Pitch : un couple de jeunes mariés part en voyage de noces dans une belle 404 décapotable. Ise, la mariée, souhaite aller rendre visite à ses deux cousins qui habitent dans un château reculé et qu'elle n'a pas vus depuis des lustres. Arrivée sur place, elle apprend qu'ils sont morts la veille. Pas de chance ! Accueillis par deux étranges servantes, notre jeune couple s'installe au château et réalise assez vite qu'il s'y passe des choses pas très claires, à base de messes noires et d'expéditions nocturnes au cimetière.
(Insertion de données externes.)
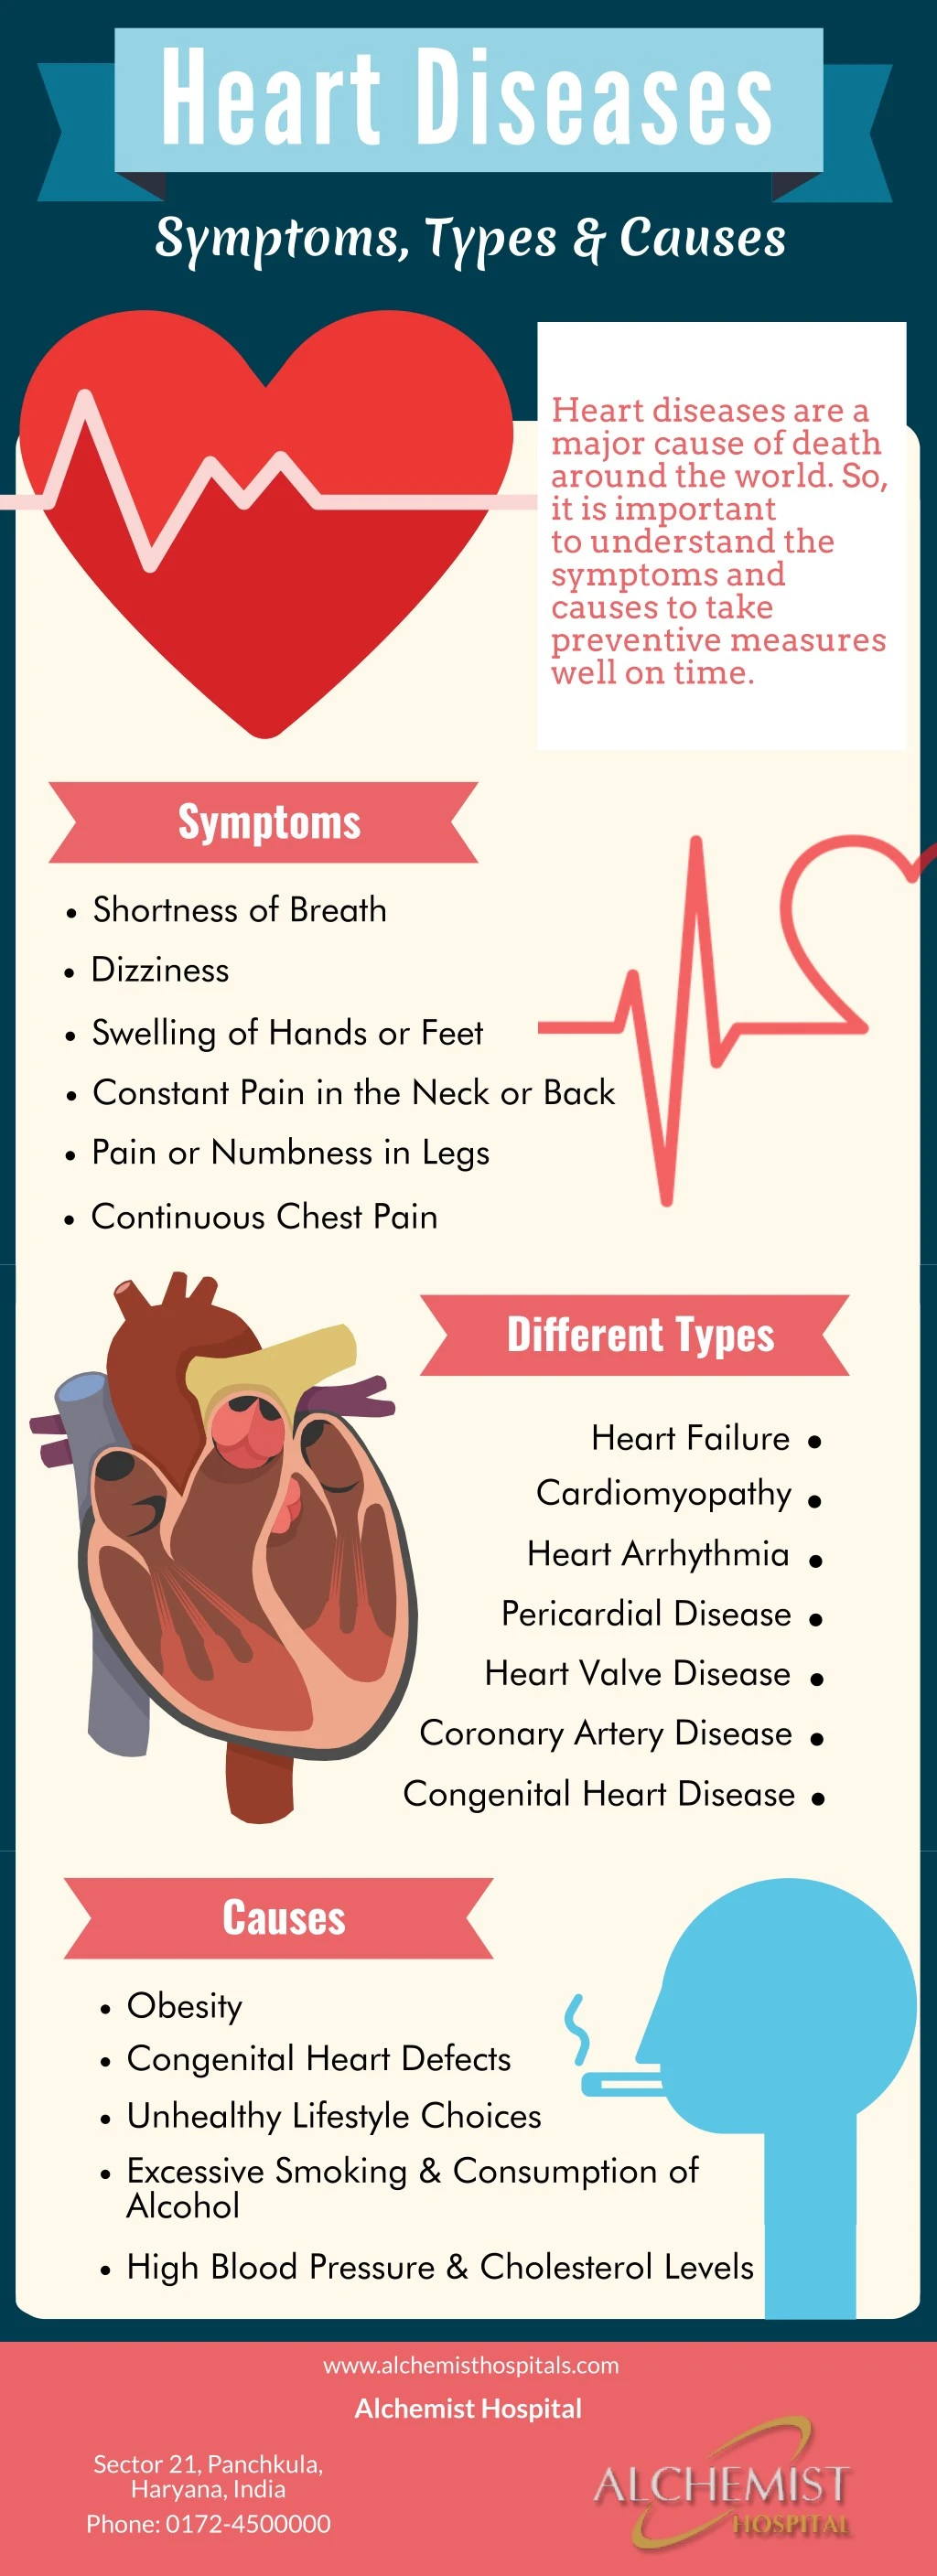 heart diseases symptoms types causes

Vous l'aurez deviné (ou pas), les deux cousins sont en fait deux anciens chasseurs de vampire qui ont été contaminés à leur tour par la grande prêtresse-vampire Isolde. Ce trio infernal va alors tenter par tous les moyens de vampiriser la jeune et belle mariée. Celle-ci, fascinée par le sang, paraît plus que consentante, au grand dam de son mari à qui elle refuse de se donner. A la fin, tout le monde s'entretue sur la plage de galets de Dieppe. Business as usual.
L'inquiétant château.
Les non moins inquiétants cousins
Le Frisson des Vampires est le troisième film réalisé par Jean Rollin et le dernier de la trilogie vampiresque fondatrice, avec Le Viol du Vampire et La Vampire Nue. J'ai appris que chacune des superbes affiches de cette trilogie a été dessinée par Jean Druillet, grand gourou de la BD de science-fiction des années 70, et qui avait notamment produit la série Lone Sloane (et même un pastiche de celle-ci avec Gotlib au scénario)
J'avoue que je suis rentré dans ce film un peu à reculons - en me disant que c'était mon dernier Rollin avant longtemps et qu'il fallait que j'élargisse un peu mon horizon dans le domaine du film d'épouvante. J'aimerais connaître mieux les films de Dario Argento, Romero ou même les vieux Cronenberg et Carpenter. Je me disais que l'effet de surprise "Jean Rollin" était émoussé et que je ne pouvais plus être captivé comme je l'avais été en découvrant La Vampire Nue ou le bien-nommé Fascination.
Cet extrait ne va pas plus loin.